The thing is, Dan very well may not be the man responsible for this particular bit of war. Or, at least that’s the conclusion that Kayce comes to after he violently confronts him and one of his men with a Yellowstone ranch hand. “I don’t even know how to kill cows,” Dan repeatedly claims throughout the hostile interrogation. “Though I wish I did.” The evident animosity notwithstanding Kayce believes him, but struggles to convince John of his findings as he stubbornly believes that Dan is somehow still involved.

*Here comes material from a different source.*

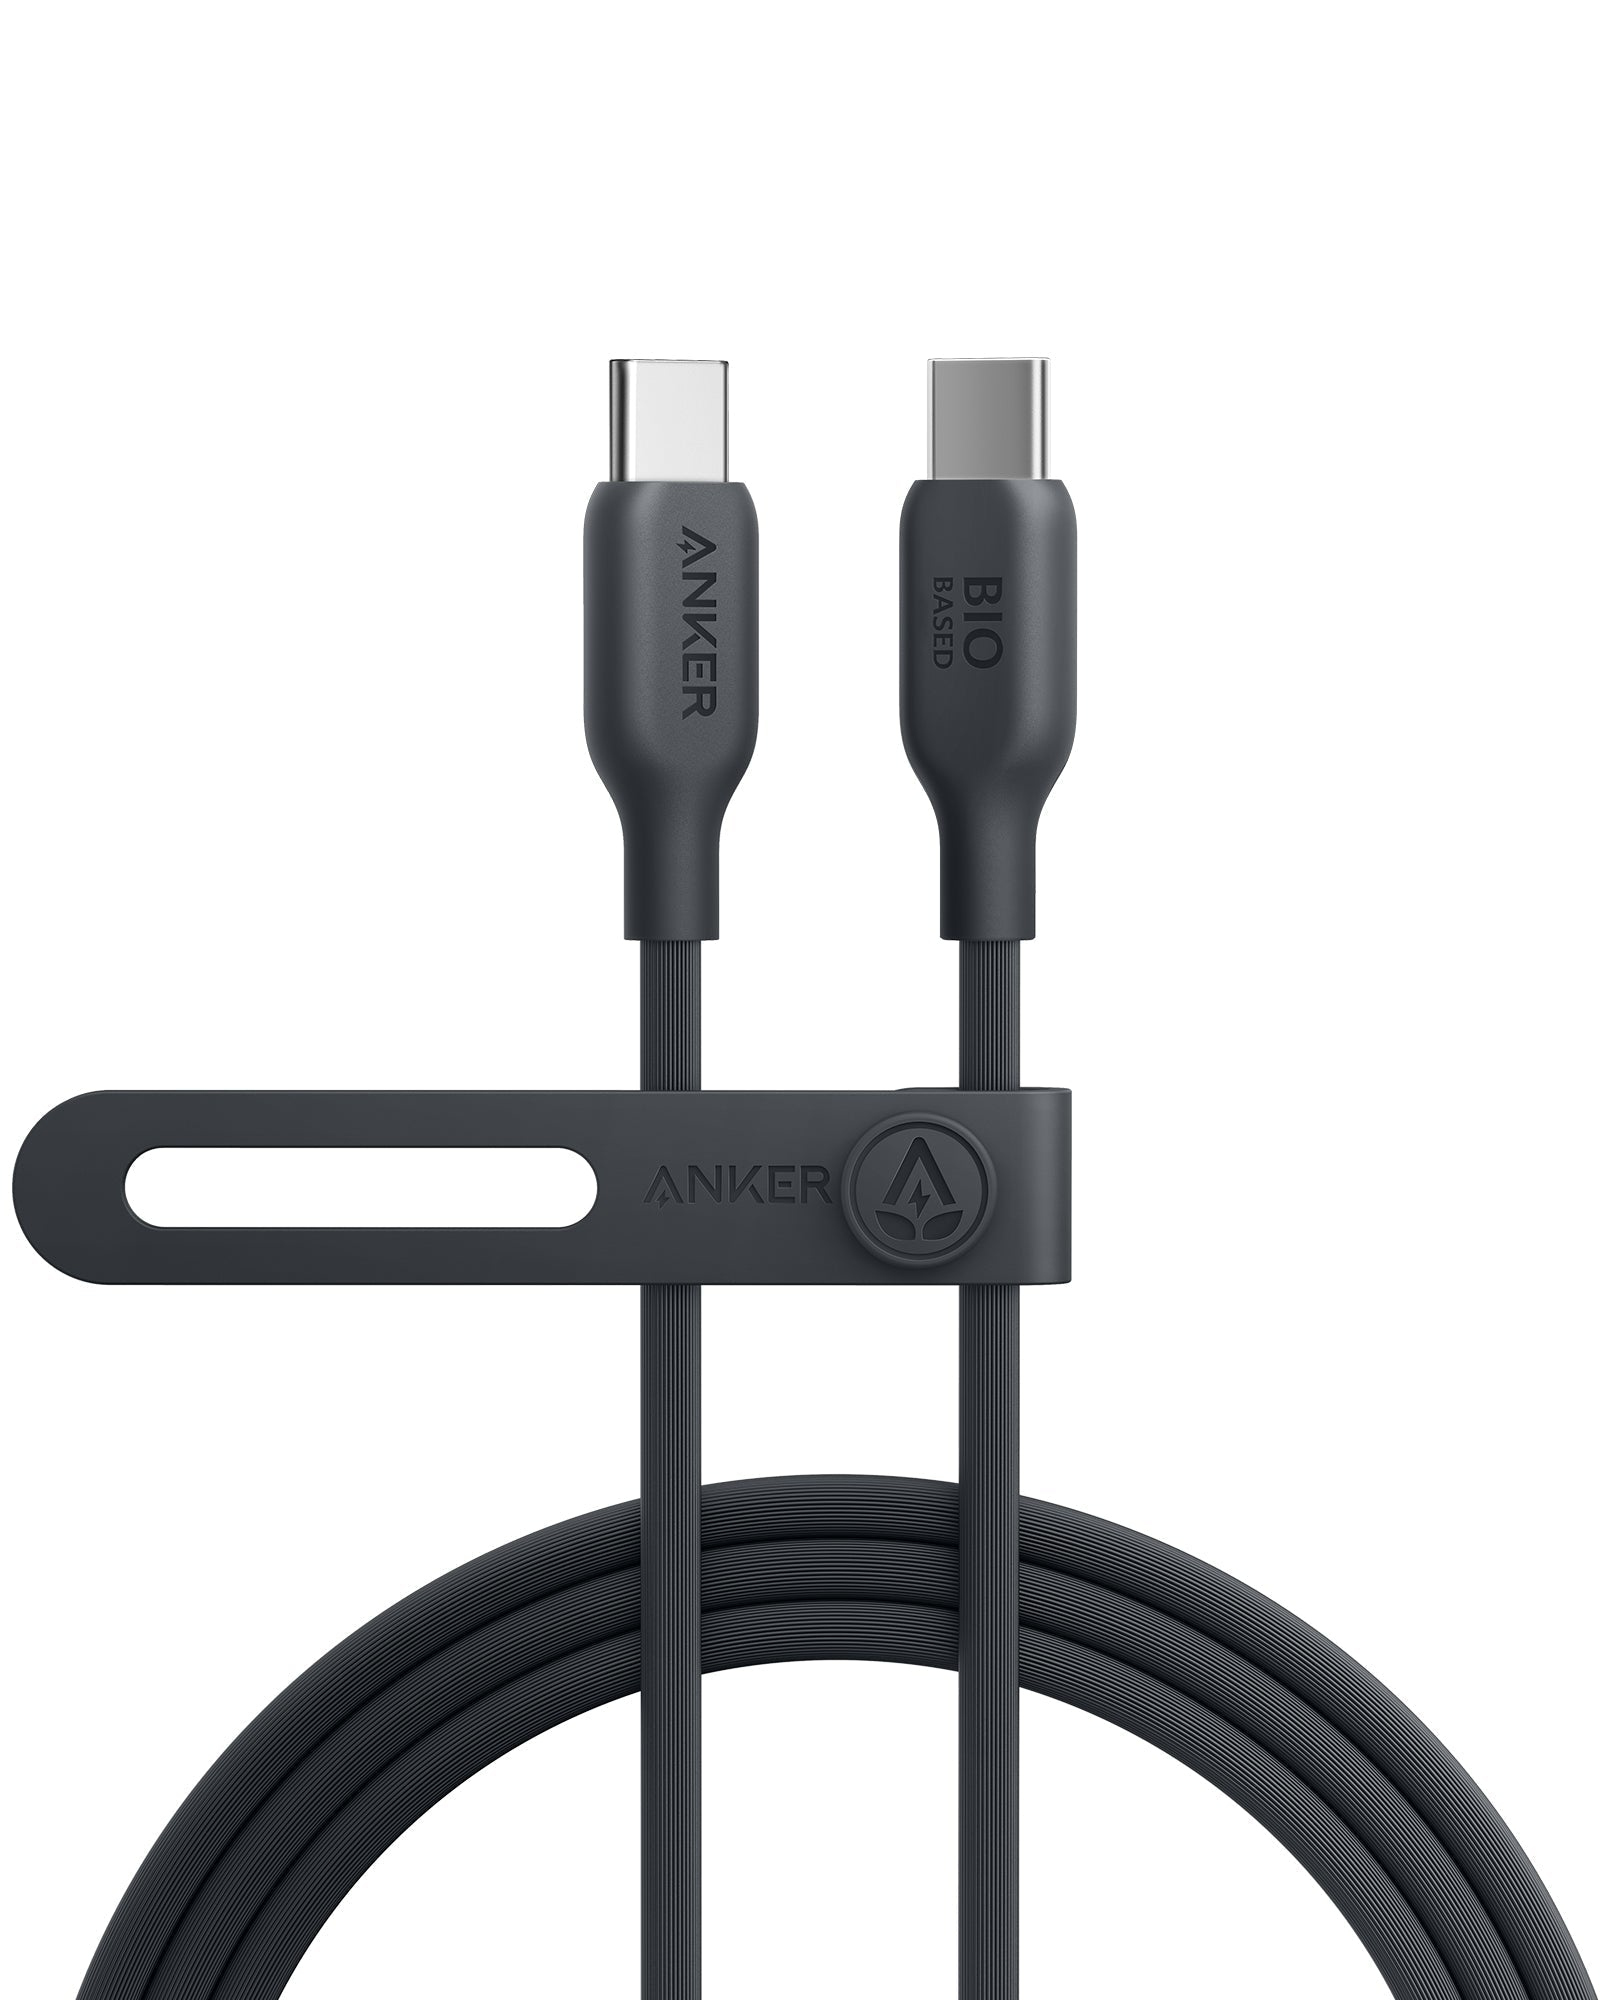 Photos - Cable (video, audio, USB) ANKER 543 USB cable 1.8 m USB C Black A80E2G11

As for Yellowstone’s many other B and C plots, many of them managed to steal a minute or two in “Touching Your Enemy,” though thankfully not too much. The better (and more deserving) of these is Monica’s (Kelsey Asbille) ongoing flirtation with her physical therapist, a fellow Native American. She and her estranged husband Kayce are still married, and they still love each other deep down (and not just because of their son), but the traumatic events of the first season have taken an impregnable toll on their relationship. So far, Monica has spent this season bettering herself on her own terms. As she spends more time with Martin, however, she finally manages to have at least some fun.
Otherwise, Yellowstone ranch hand Jimmy (Jefferson White) struggles to make some extra money at a horse sliding competition but loses badly. To make matters worse, fellow ranch hand Rip (Cole Hauser) cheers on the competition at Jimmy’s expense. A couple of flashbacks to Rip and Beth’s childhood, meanwhile, offers some explanation for their tortured relationship over the years.